– На восемь лет, говоришь… а ты точно такая старая?
– Паспорт показать?
– Не надо, верю. Ну тогда присматривай. То есть как партизан? Он
что, воевал? Но ему же в войну было…
– Шестнадцать, но в партизанах на возраст мало кто смотрел.
– А мне он не говорил…
– И ты его об этом не спрашивай: о войне всем очень тяжело
вспоминать. А уж ему особенно… черт, ведь точно мне за язык мой
когда-нибудь начальство в Магадан сошлет! Я же права не имела тебе
говорить…
– Ну, раз ты Лёшку не соблазняла, то ничего мне и не говорила, –
слабо улыбнулась Сона. – А мне-то ты не наврала, что болячку мою
исправить можно?
– Если хочешь, можем с тобой как-нибудь заехать в Первый ММИ,
там тебе уже специалисты все подробно объяснят.
– Нет, я все равно ничего не пойму: я-то не врач. Но спасибо
тебе, что ты мне все рассказала! Про болячку, я имею в виду…
Вообще-то у Соны были причины думать, что Алексей может ее
бросить: у парня после Нового года вообще сильно изменилось
настроение (хотя поначалу, в пылу сессии это и не очень сильно в
глаза бросалось), а после возвращения девушки из больницы он вообще
замкнулся и даже время на совместные занятия по математике и физике
резко сократил. И часто просто уходил в свою комнату-мастерскую, но
Сона видела, что он там ничего не делает, а просто сидит,
уставившись в одну точку и о чем-то думает. А так как иных поводов,
кроме своего недомогания, она не выдела, то и пришла к весьма
печальному для себя выводу. Но на самом деле Алексея волновало
совсем не состояние жены. То есть здоровье Соны его тоже сильно
волновало, но он очень внимательно побеседовал с врачами в
больнице, затем (о чем его жена не знала, конечно) буквально поднял
на уши гинекологов из первого ММИ и внутренне уже решил считать,
что у Соны не особо опасное и очень временное недомогание.

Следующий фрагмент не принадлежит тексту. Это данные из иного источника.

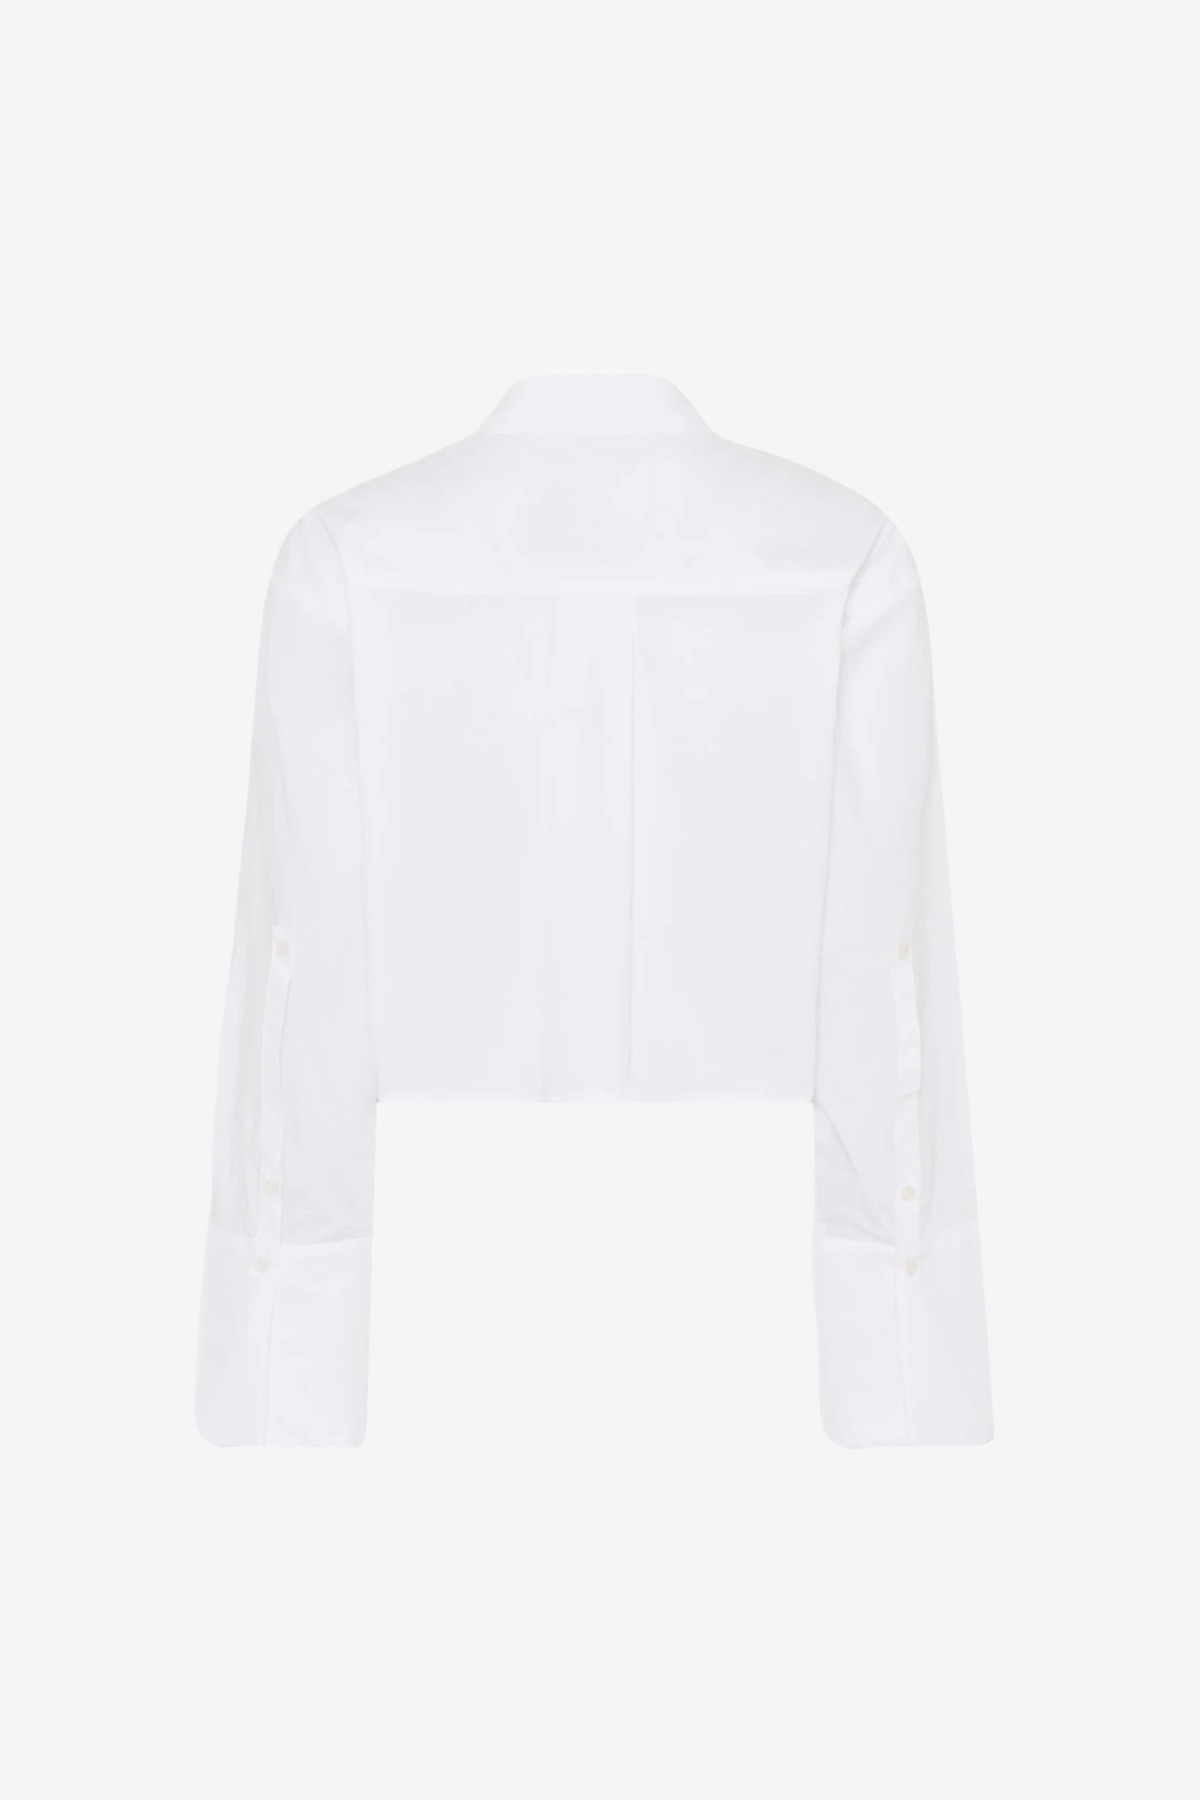 Herskind Samuel Shirt in White
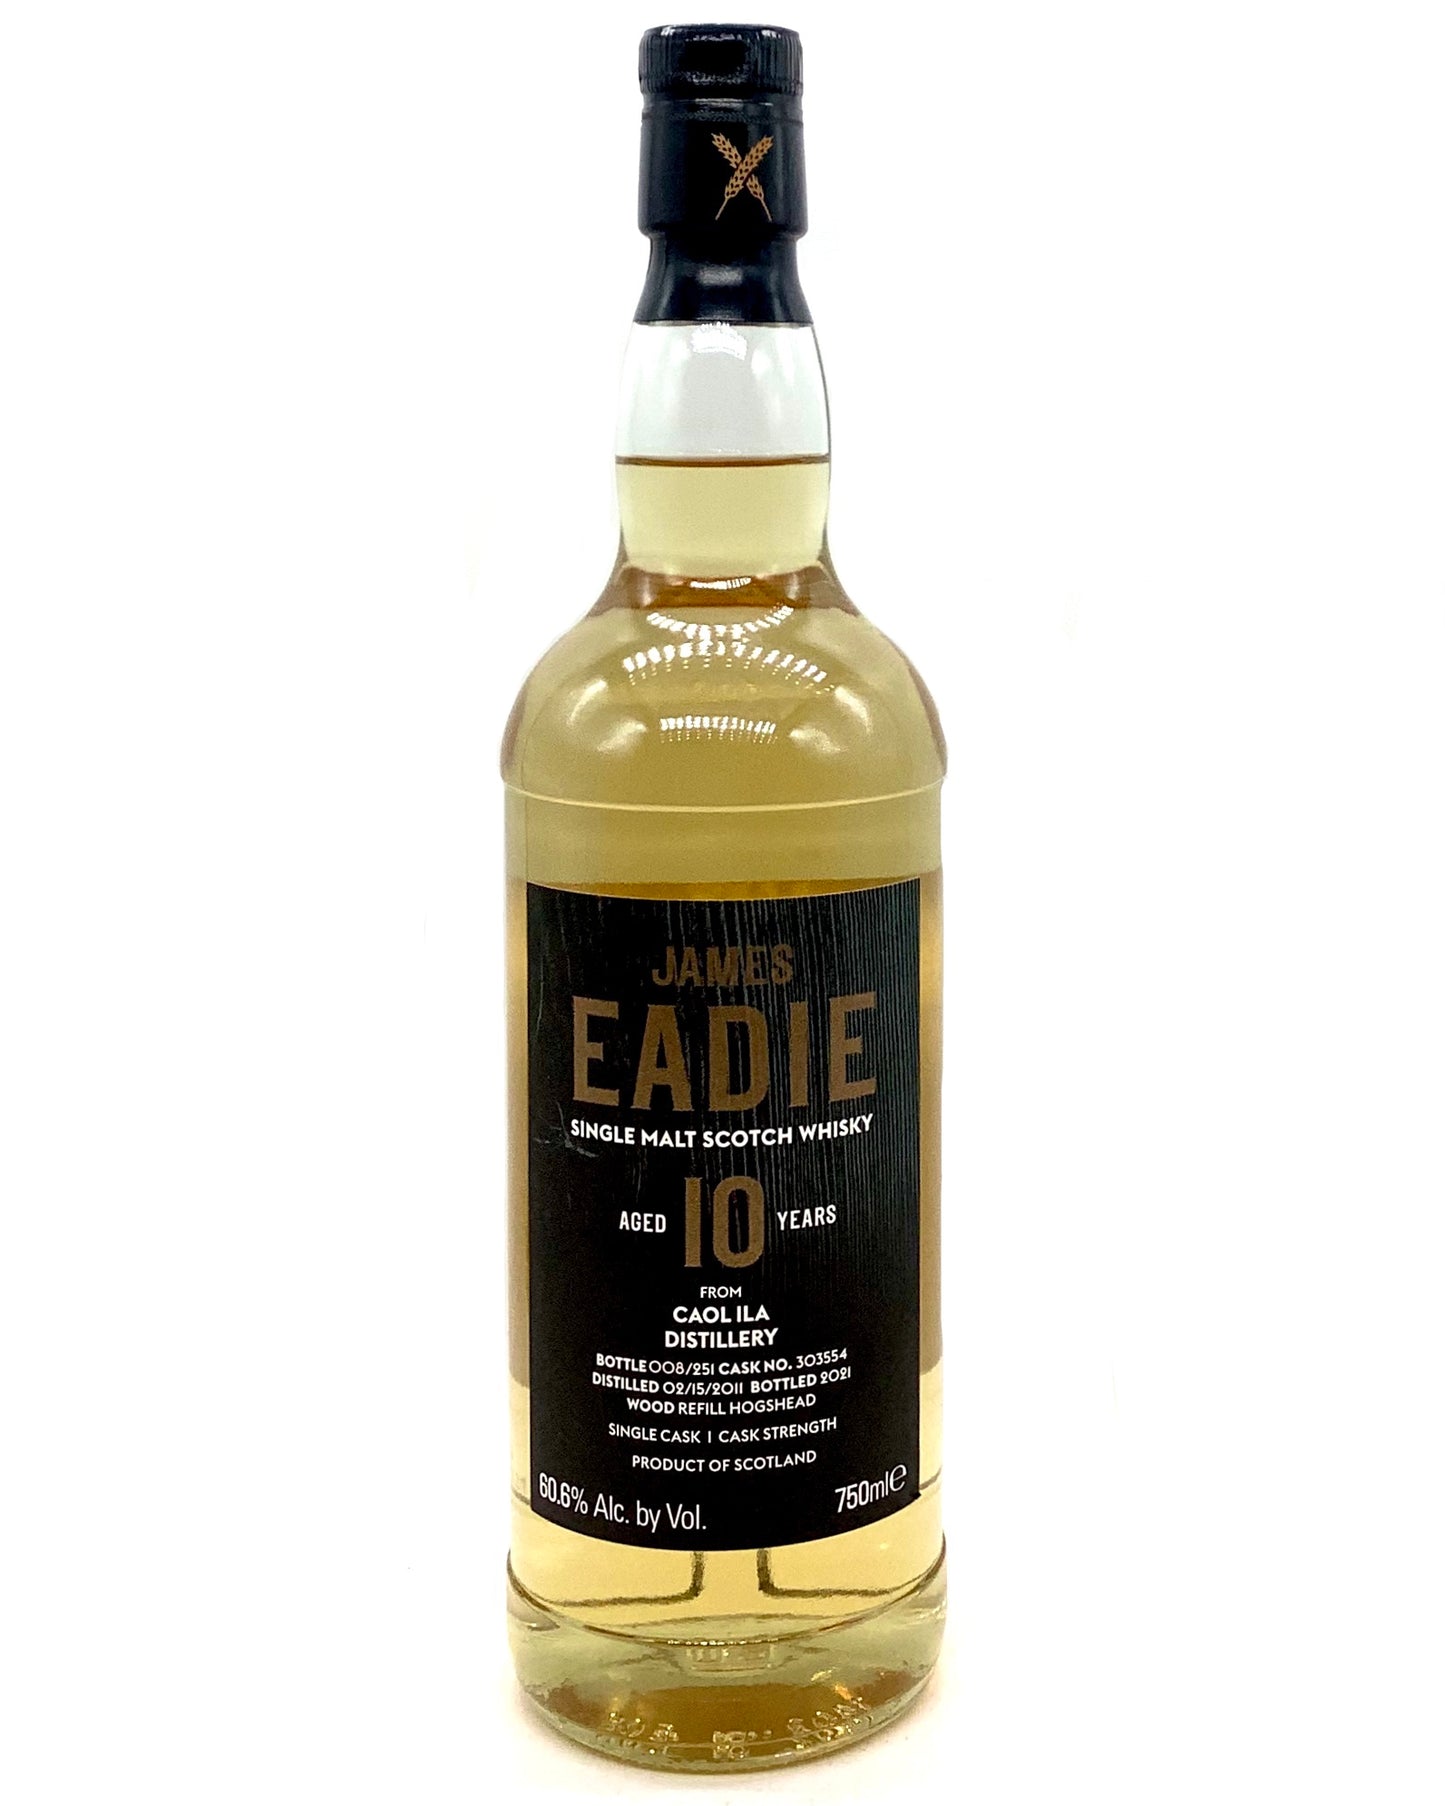 James Eadie 10 Year Single Malt Scotch Whisky, Caol Ila Distillery newarrival

Однако
по старой, еще со времен участия в боевых операциях в качестве
«санитара», привычке он «пациенту» ничего не говорил: все же тогда
у него и отношение к пациентам было совершенно иное, почти как к
персонажам компьютерной игрушки. То есть если помрет, то попробуем
еще раз «с точки сохранения», а поэтому лишний раз волновать
пациента вообще смысла нет. А когда Сона, после разговора с Леной
Ковалевой, резко воспрянула духом и даже попыталась «донести до
мужа», что «все не так уж и плохо», у нее это не получилось и она
снова начала впадать в тихую панику. Однако все же впасть не
успела: двадцать второго февраля все резко изменилось. Очень резко
и как-то неожиданно…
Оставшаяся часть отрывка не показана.